Henschen said one reason is that it makes us wonder what we would do if we were in the couple’s situation.

“If they would have just acted normal, ‘Yeah, we’re together,’ it wouldn’t be a thing,” he said. “The reaction is what got people talking, which is why fan cams, and kiss cams in particular, resonate. You’re watching for people’s reactions to seeing themselves on the board, and that’s what drives the interest.”

The kiss cam is believed to have been around since the 1980s as giant video screens became more common at sporting events. The camera operator zeroes in on two people who appear to be romantically paired, and the couple are expected to kiss on demand for a stadium packed with strangers. The audience roars approval if they kiss, and often boos if they refuse. It’s like hazing, but more wholesome.

Not all professional sports teams offer this tradition (the Wild and the Timberwolves do not). Couples targeted by the Twins’ kiss cam have responded in wildly divergent ways, with some romantically performing a ballroom dance dip for the camera and others flipping the bird.

I tell Henschen that I find the ritual to be a throwback to a different time.
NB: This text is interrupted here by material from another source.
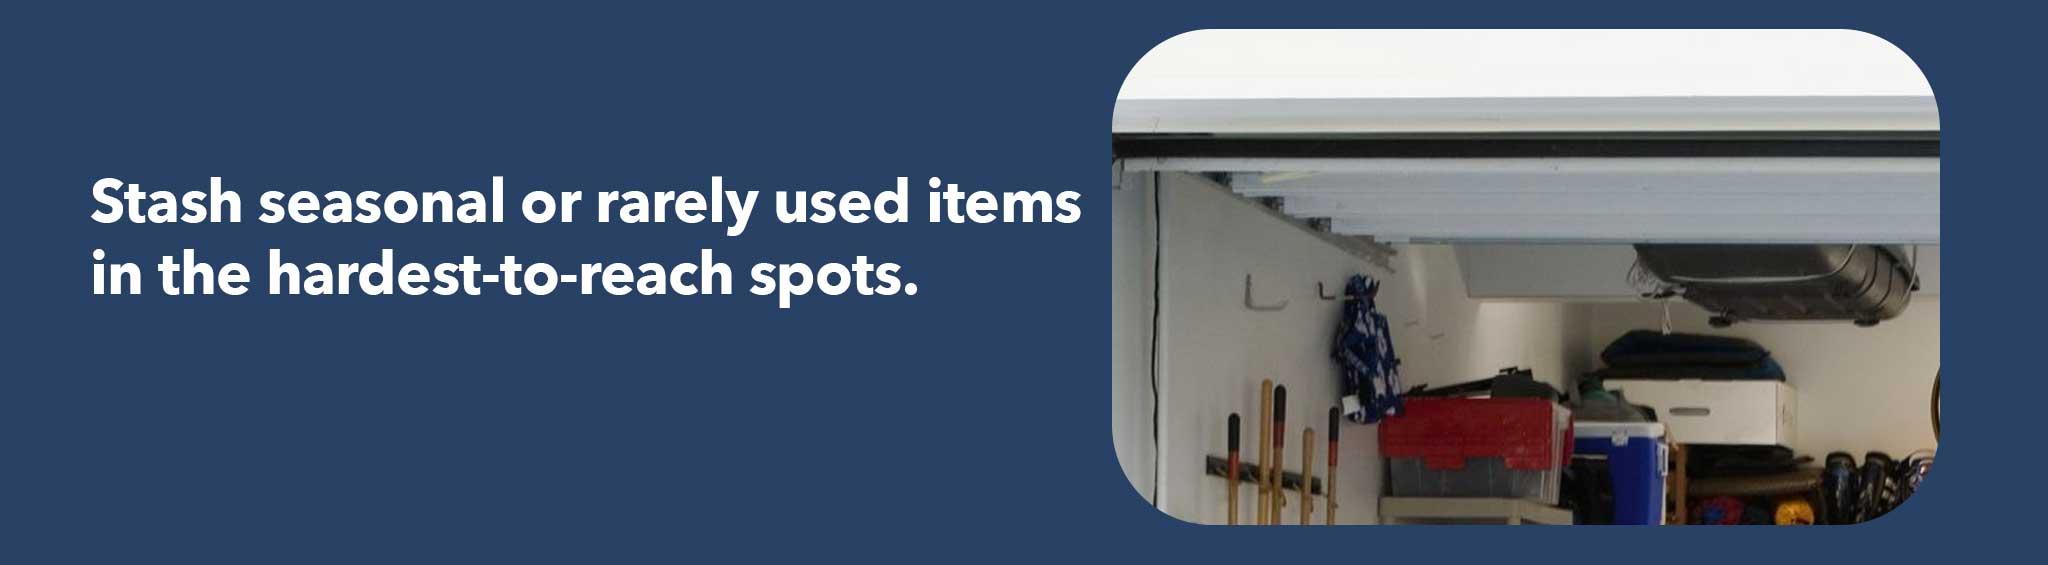 Stash seasonal or rarely used items in the hardest-to-reach spots.

Sure, it’s a bit endearing and sweet. Definitely weird.

“Correct!” he agrees. “All those things are true. There are people who love it, people who hate it, and a whole range in between.”

Henschen estimates that his team accurately identifies legitimate couples about 90% of the time. Camera operators scan the crowd for people who look like they’re together. (They may be talking to one another or are of similar age, for example.) They can be of opposite sex or the same sex, Henschen said.

When the kiss cam gets it wrong, you tend to remember. Sometimes it homes in on co-workers, strangers or siblings. The camera might then shift one person to the left or right and end up with the proper match.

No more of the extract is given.